[PROVIDED MATERIAL]

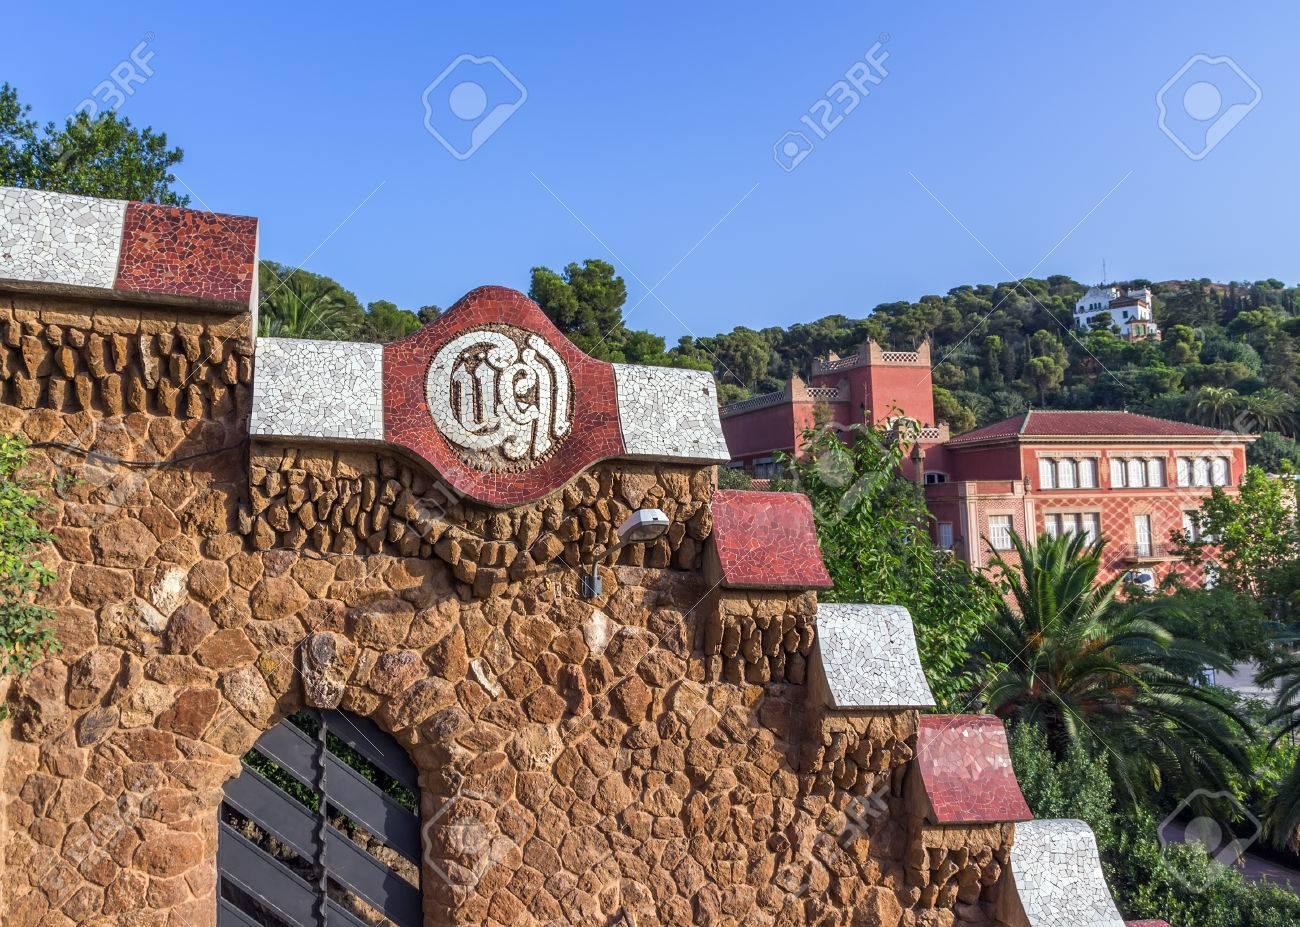 Stenen Muur Tuin : Muur steen in de tuin mozaïek in het parc guell ontworpen door
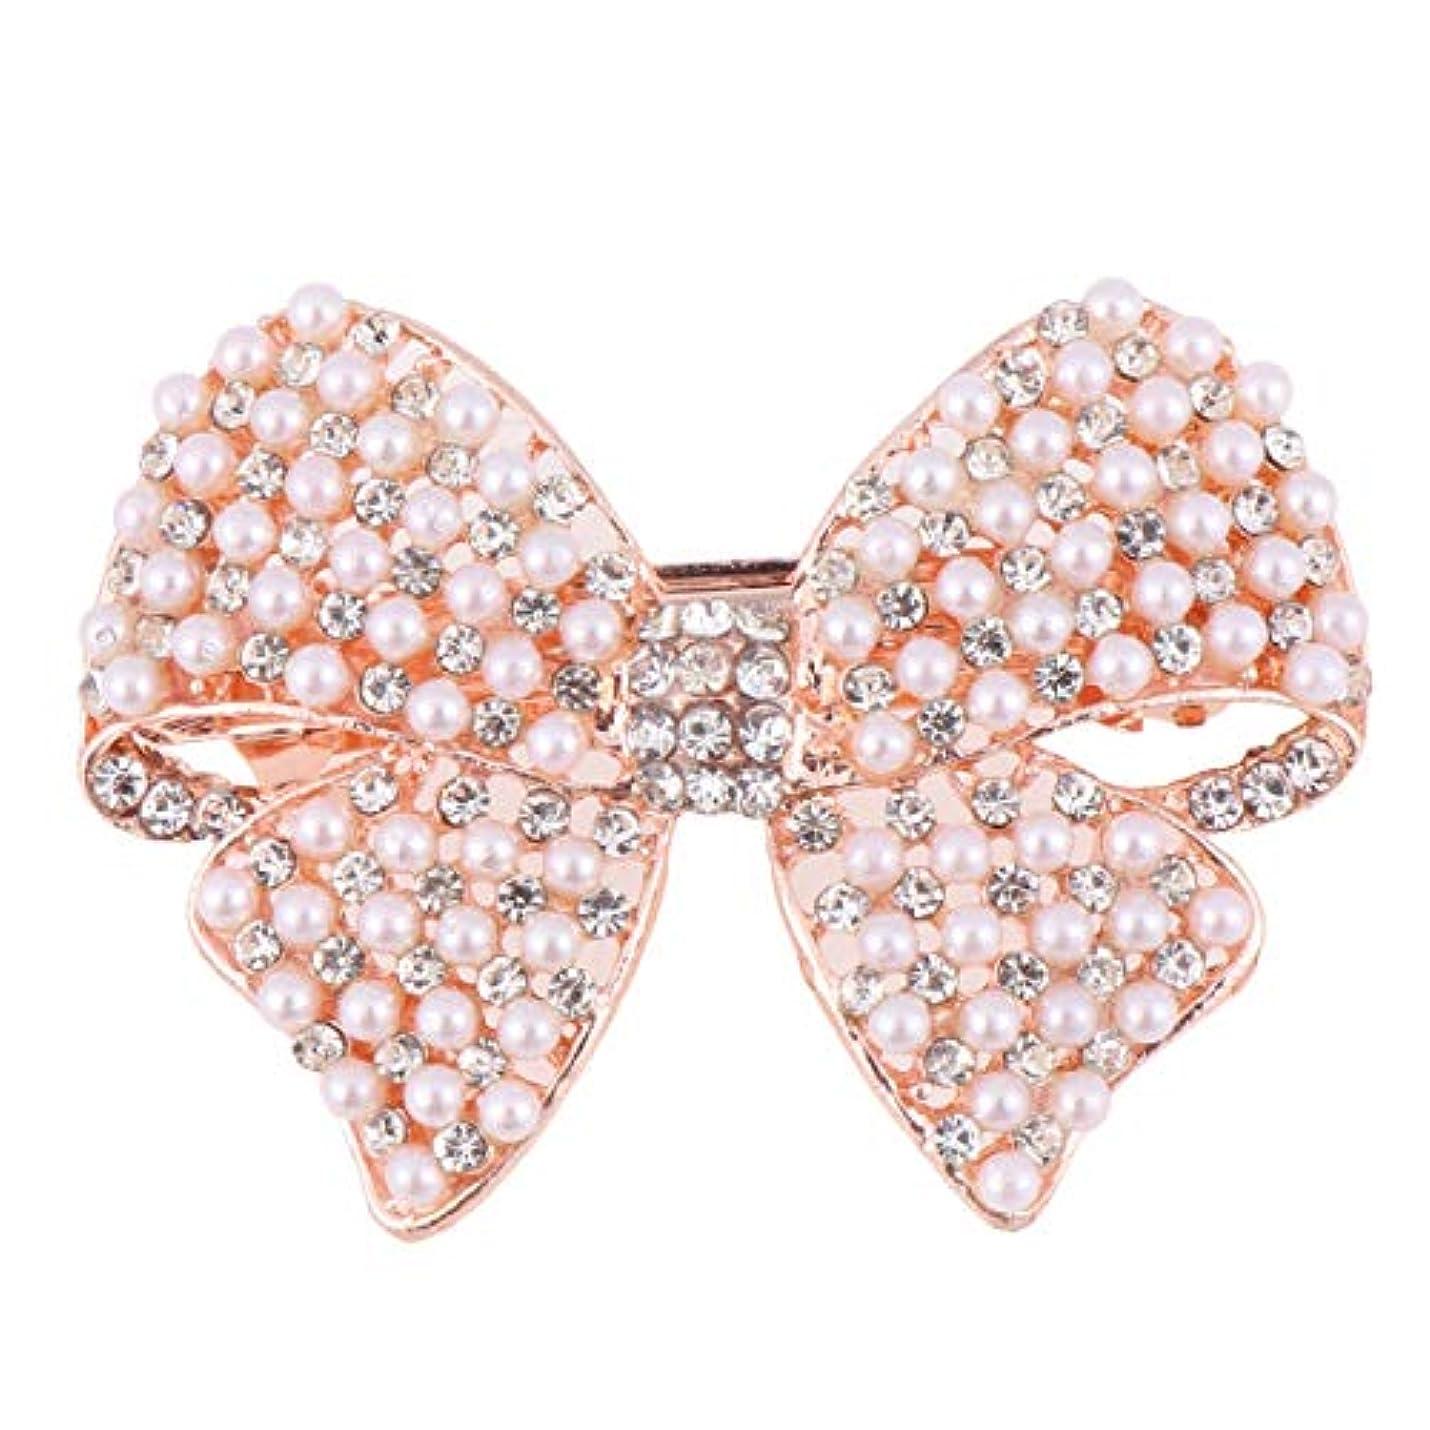 大量吐くパワーセルBeaupretty 女性のための真珠の弓のヘアクリップラインストーンヘアピンヘッドドレスバレッタちょう結び
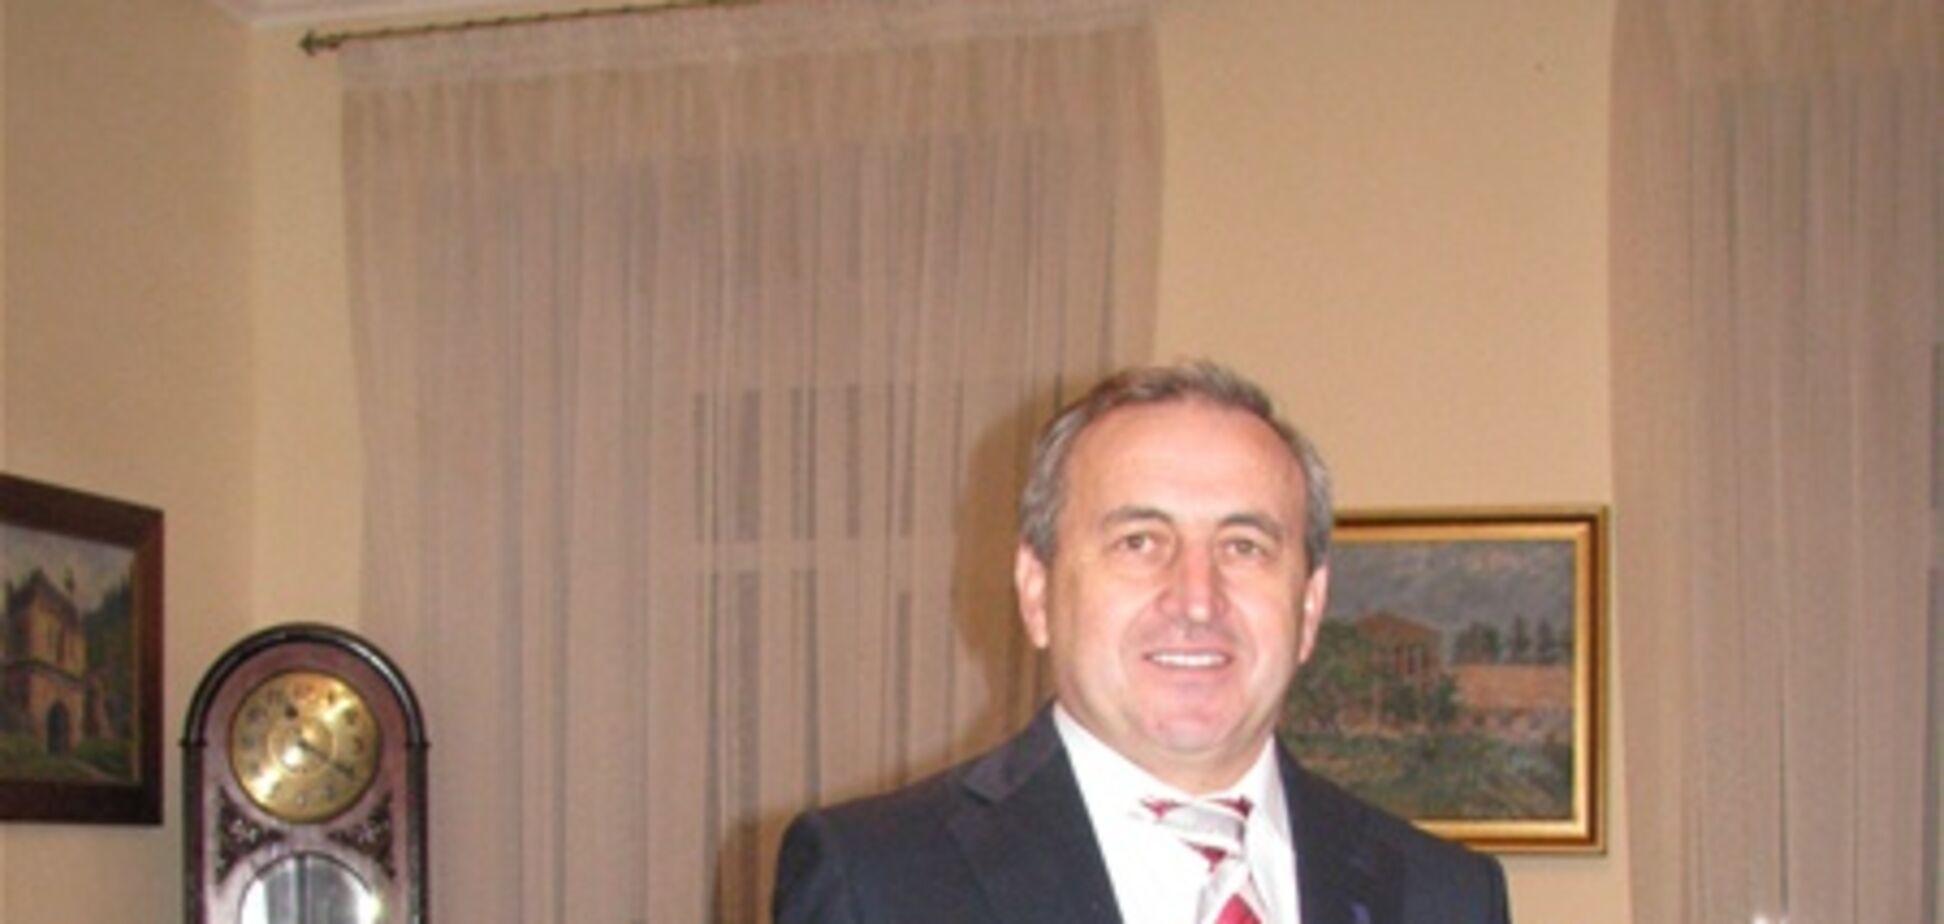 Цвиль: Гайдук оплатил лечение Данилишина в Баден-Бадене

[/PROVIDED MATERIAL]

* _ACTIVITY_:
Reproduce the listing verbatim, pictures excluded.

* _RESULT OF THIS EXERCISE_:
 Stenen Muur Tuin : Muur steen in de tuin mozaïek in het parc guell ontworpen door
 大量吐くパワーセルBeaupretty 女性のための真珠の弓のヘアクリップラインストーンヘアピンヘッドドレスバレッタちょう結び
 Цвиль: Гайдук оплатил лечение Данилишина в Баден-Бадене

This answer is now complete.